Potosi madenleri bizim için çok güzel bir tecrübe oldu. Orada yaşamını sürdürenler, bu şartlarda çalışarak gelir kazanabilen tek insanlar değil elbette. Ancak dünyanın bir ucundaki insanların yaşamlarından kesitler görmenin de bizlere kazandıracağı çok şey vardır.

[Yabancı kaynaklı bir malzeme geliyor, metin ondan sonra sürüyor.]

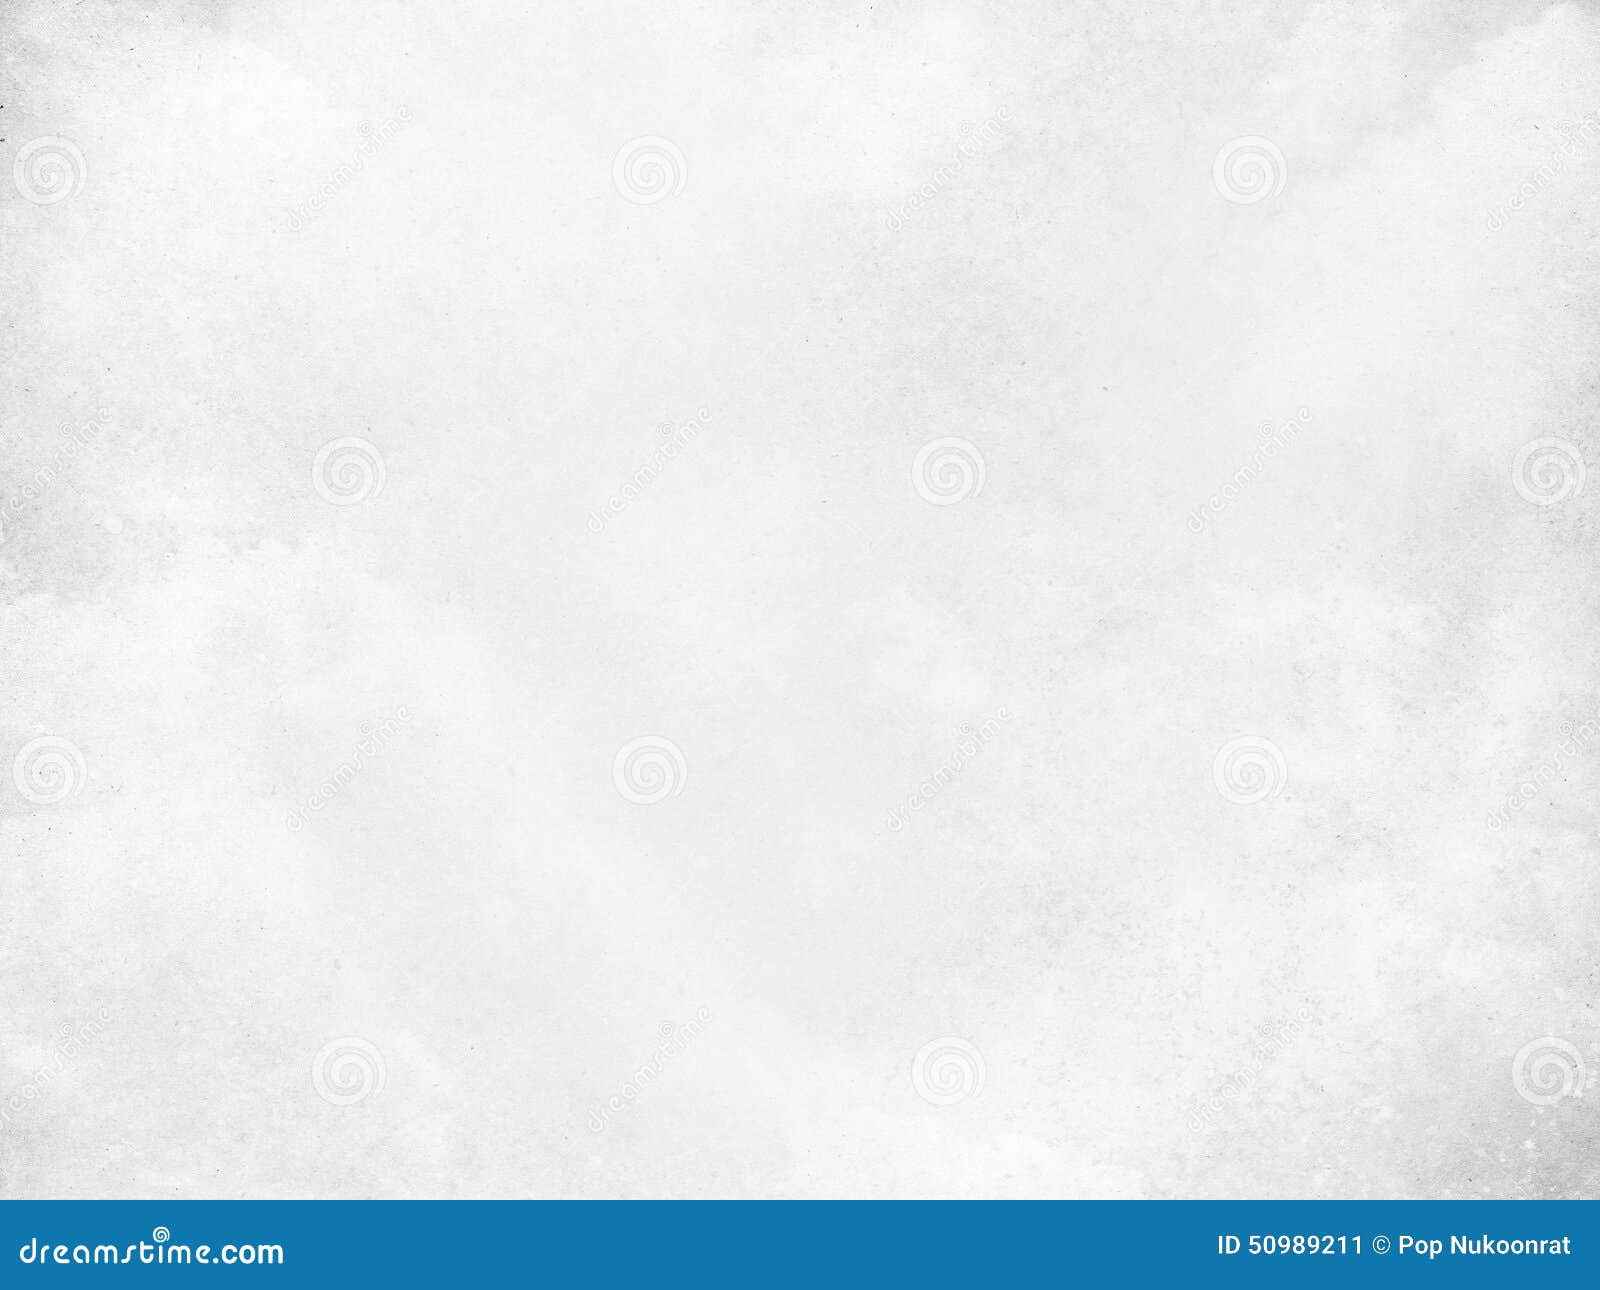 White Old Paper Grunge Texture for Background Stock Image - Image ...

Potosi’nin 1715 yılındaki bir tasviri
Oruro şehrindeki karnavalda madenlerde çalışmış Afrika kökenlileri temsil eden Morenada dansı
Cerro Rico’ya doğru giderken
Potosi sakinleri
Enis eski bir maden işçisi olan rehberimizle Potosi şehri eşliğinde hatıra fotoğrafı çektiriyor
İşçilerle birlikte
Madendeki dar geçitler
Bolivya’da son yıllarda olduça popüler olan Maria Juana adlı grubun söyleyip video klibinin de Potosi’de çekildiği “Idilio” adlı parça Morenada türünde bir müziktir. İspanyolca’da “siyahi” anlamına gelen Morenada’nın kendine has bir müziği ve dansı vardır. Ülkedeki pek çok karnavalda geleneksel olarak dansı gerçekleştirilmektedir. Bu müzik, koloni döneminde o zamanki adıyla Alto Peru olan Bolivya’nın yerlisi Aymaraların Afrika’dan getirtilen siyahileri hiciv etmek amacıyla çıkarttıkları bir müziktir. Afrikalıların ailelerine saldırdığı, hırsızlık yaptığı ve kadınlarına tecavüz ettikleri gerekçesiyle Aymaralar böyle bir müzik ortaya çıkarmışlardır. Ancak bu aynı zamanda Afrika’dan gelenlerin çalışma koşullarının kendilerini bunları yapmaya zorlaması açısından onların da hayatlarının ne kadar dramatik olduğunu göstermekte. Bolivya’da çok meşhur bir şarkı olan Idilio’yu bugün ülkenin hemen her şehrinde duymak mümkün.